A friend recently pointed out to me that there are pretty much only 2 kinds of people: those that update their computers regularly/daily, and those who never update.
Patches would be great for those who update regularly, but full package updates can be used if the user is more than 1-3 version updates behind.
4 consecutive patches is less bandwidth effective.
$ sudo apt-get install gnome-backgrounds
The following NEW packages will be installed:
gnome-backgrounds
0 upgraded, 1 newly installed, 0 to remove and 0 not upgraded.
Need to get 9782kB of archives.
.........................................
Setting up gnome-backgrounds (2.24.0-0ubuntu1) ...
Besides, the packages are not binaries; they are a collection of many binary files. In most upgrades, many of these files are not changed, so even a diff that includes only the changed files would be an improvement.
I've got about 900 megs of games installed from Synaptic. I'd love the updates to be patch-based so I'm not downloading 600megs of duplicate fluff every release cycle!!
And just think how much easier it would be on the mirrors.

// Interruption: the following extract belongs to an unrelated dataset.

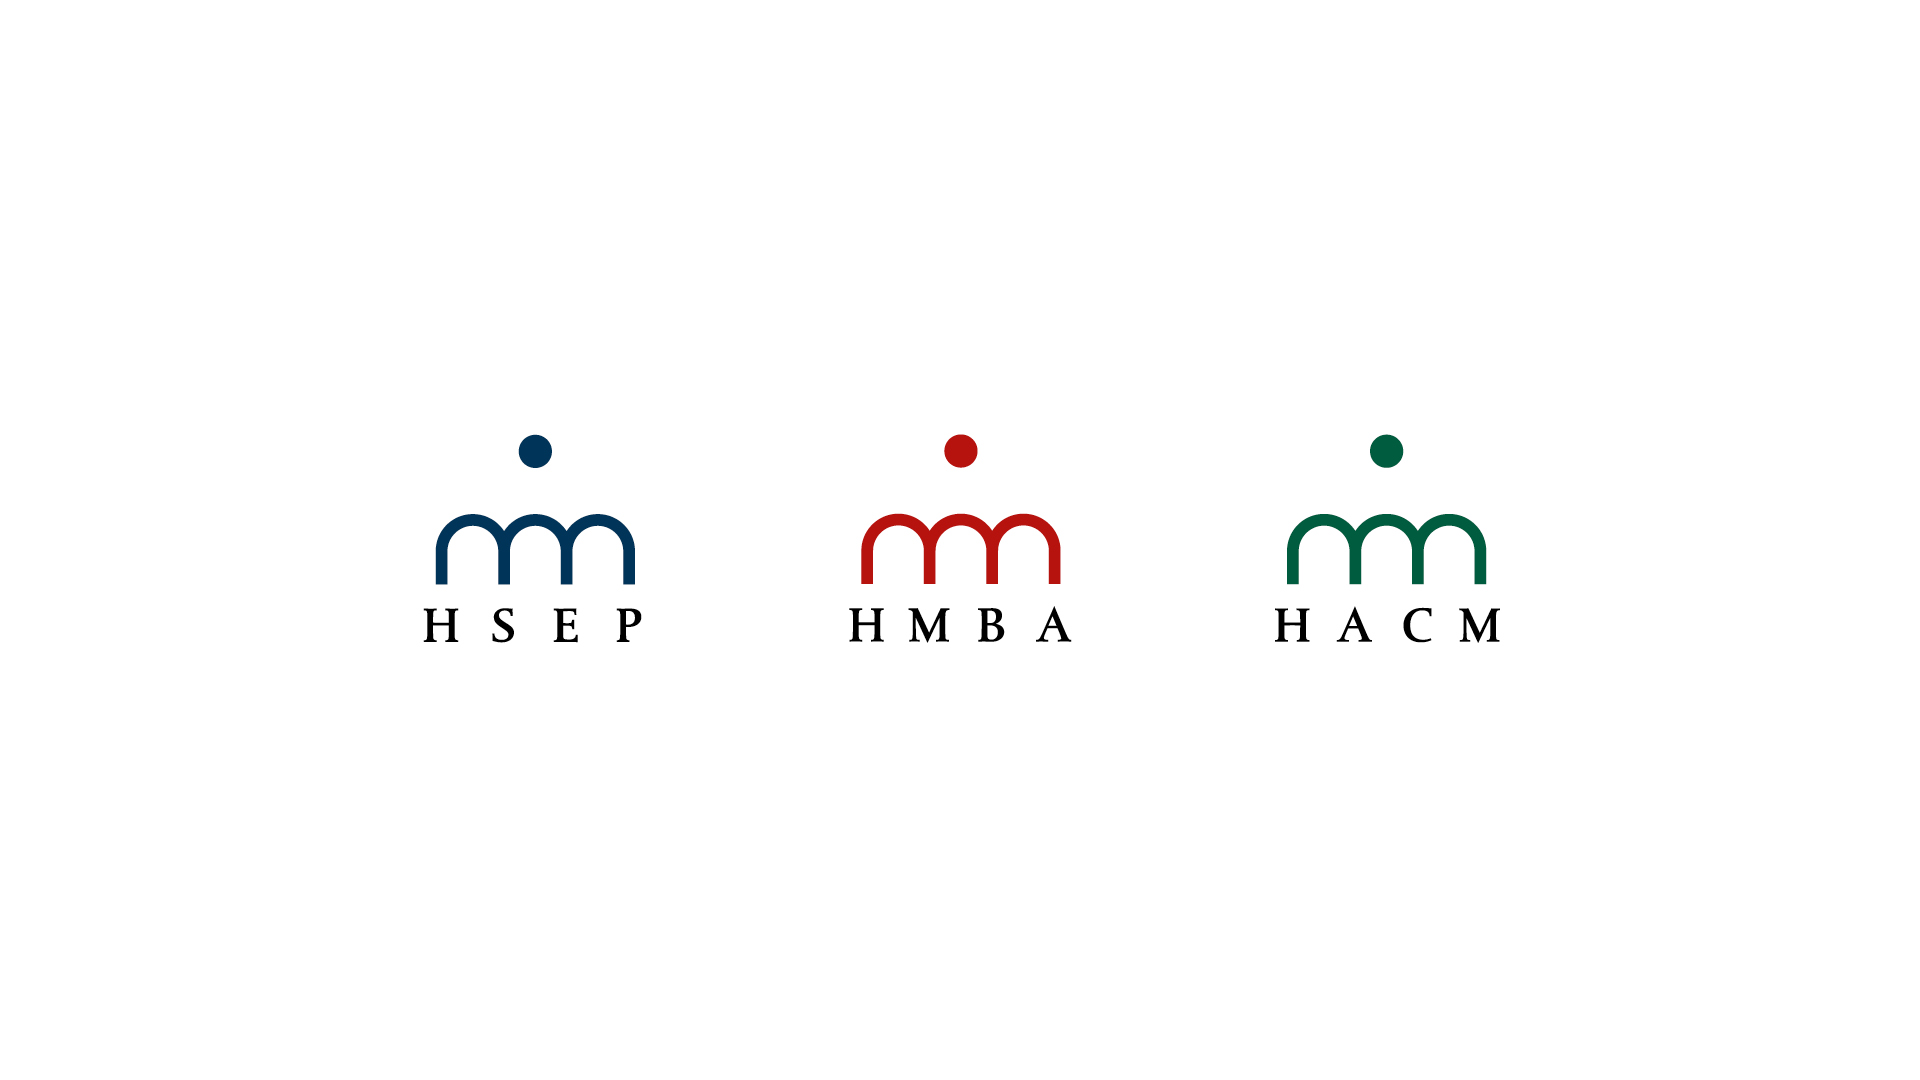 HSEP/HMBA/HACM's Symbol Logos

Hey, I know! We should create ANOTHER package distribution format for distributing delta updates. Having two competing formats just isn't enough. Linux is about choice, right?
I'm using both Fedora and Kubuntu and have just updated my Fedora while using presto yum plugin. It downloaded 1.9 MiB of deltas instead of 49 MiB of full updates which is a 96% bandwidth saving. This was the biggest saving I've ever encoutered - ususally it's about 80-85%.
It would be great if I could update my Kubuntu in the same way I upgraded my Fedora, especially because my Kubuntu is behind a slower connection to the Internet with the monthly bandwith limit of 1 GiB.